One is a research project led by Germany’s GEOMAR Helmholtz Centre for Ocean Research Kiel, which recently tested fuel cell technology for use on a long-term seafloor observatory, where it could also be required to power robotics. The other is Teledyne’s Subsea Supercharger, which was recently put to the test over in Norway.
Powering up ocean observation
“The need for long-term observation systems on the seafloor has risen considerably and will continue to move into focus in the future”, says project manager Dr Sascha Flögel from GEOMAR. This could be to track environmental and climate trends or for exploration projects, where mobile, modular solutions would be beneficial. However, these are tending to be more power hungry, especially when energy-intensive robotic systems start to be added into the mix.
At the moment, power for underwater equipment or sensors tends to come from either batteries or cables. Cables are prohibitively costly for projects at any distance from the coast and no appropriate for systems only in place for a few years, while batteries are expensive and wasteful.

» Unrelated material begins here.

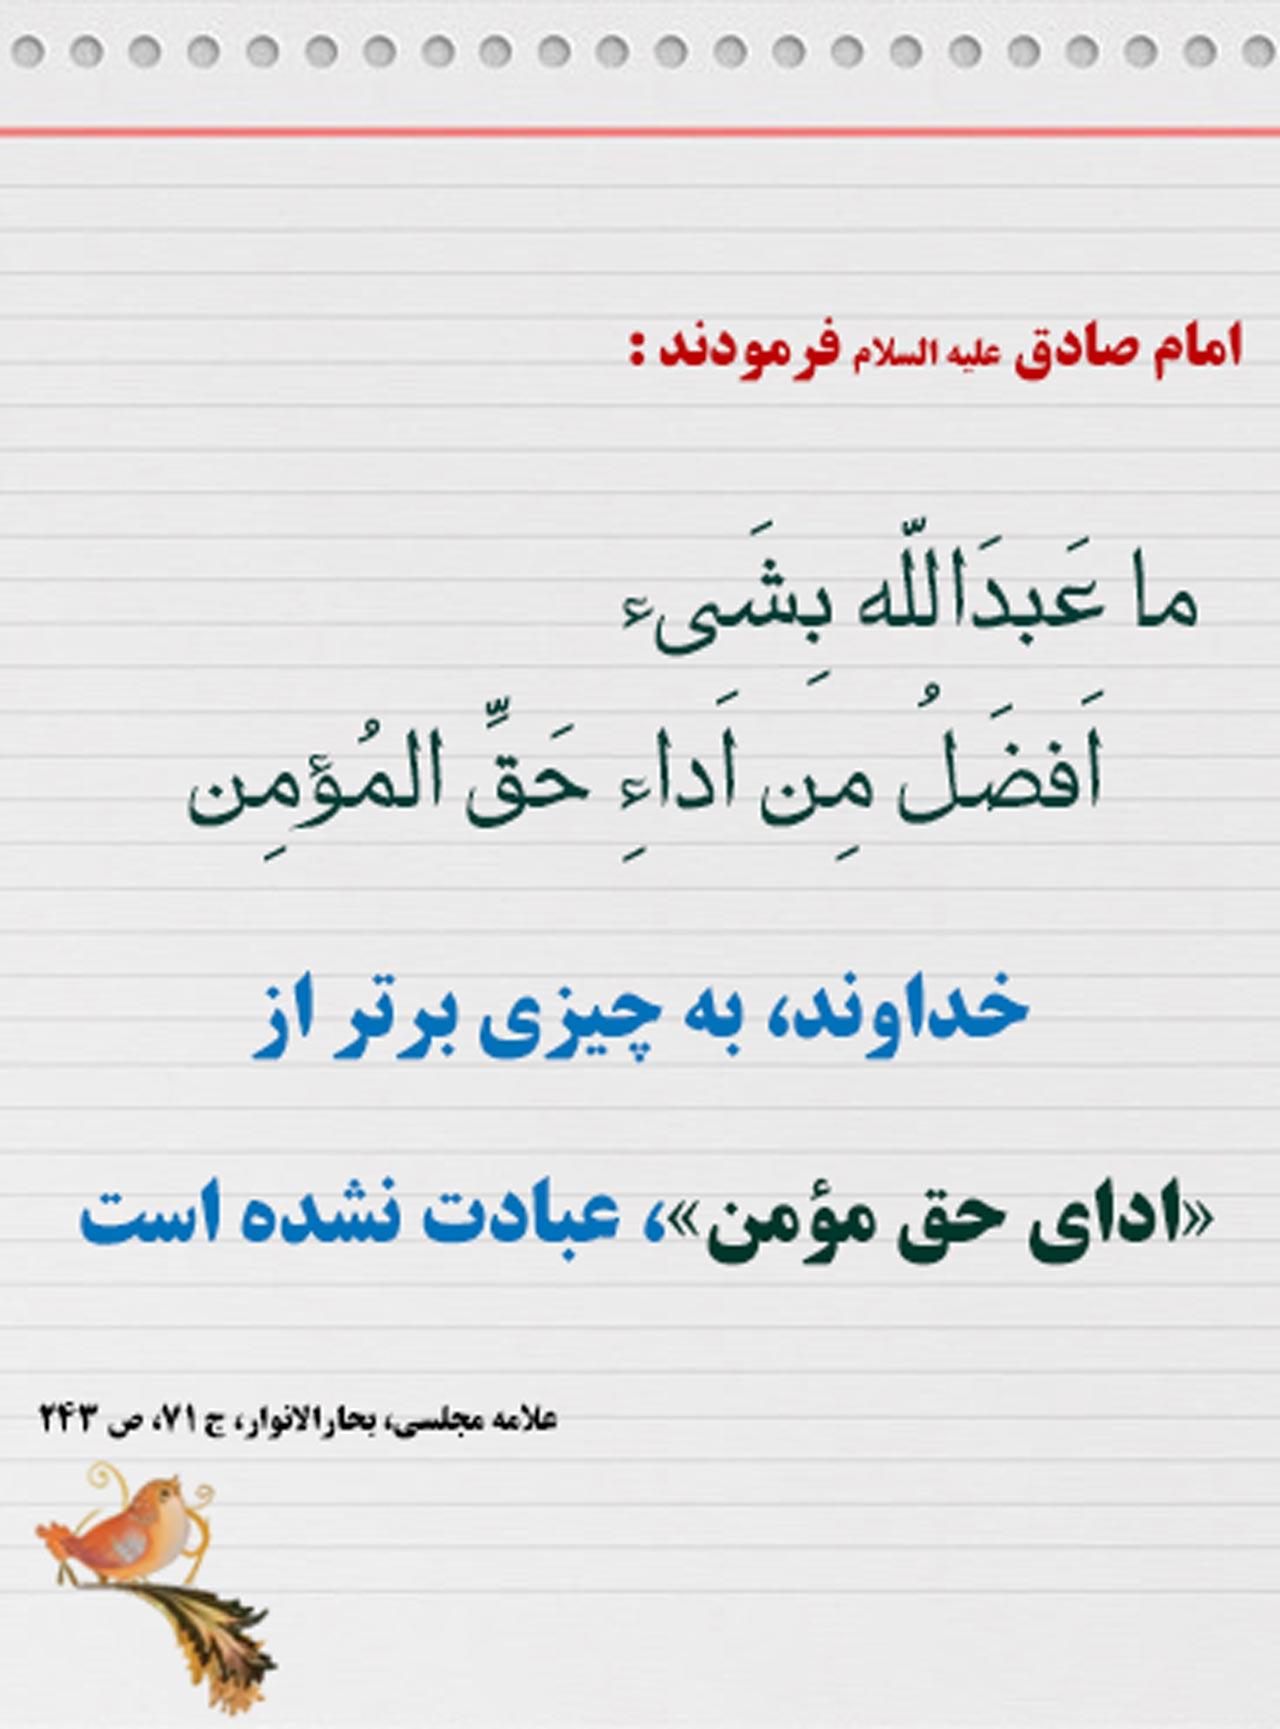 و بر مسلمانان سزاوار است که در پیوستن به یکدیگر و همکاری در رسیدگی به همدیگر و یاری نیازمندان بکوشند تا چنان گردید که خداوند عزّتمند فرمانتان داده است. (میان خودشان مهربانان اند

GEOMAR’s solution is a fuel cell, developed in partnership with the Centre for Solar Energy and Hydrogen Research, Ulm (ZSW), as part of the German Federal Ministry of Economics and Technology funded ARIM-FUEL project (ARIM stands for “Autonomous Robotic Sea-Floor Infrastructure for Bentho-Pelagic Monitoring”). It’s a proton exchange membrane (PEM) fuel cell, in which hydrogen and oxygen are fed to a polymer membrane electrolyte and platinum based electrodes, to generate power with heat and water as a by-product.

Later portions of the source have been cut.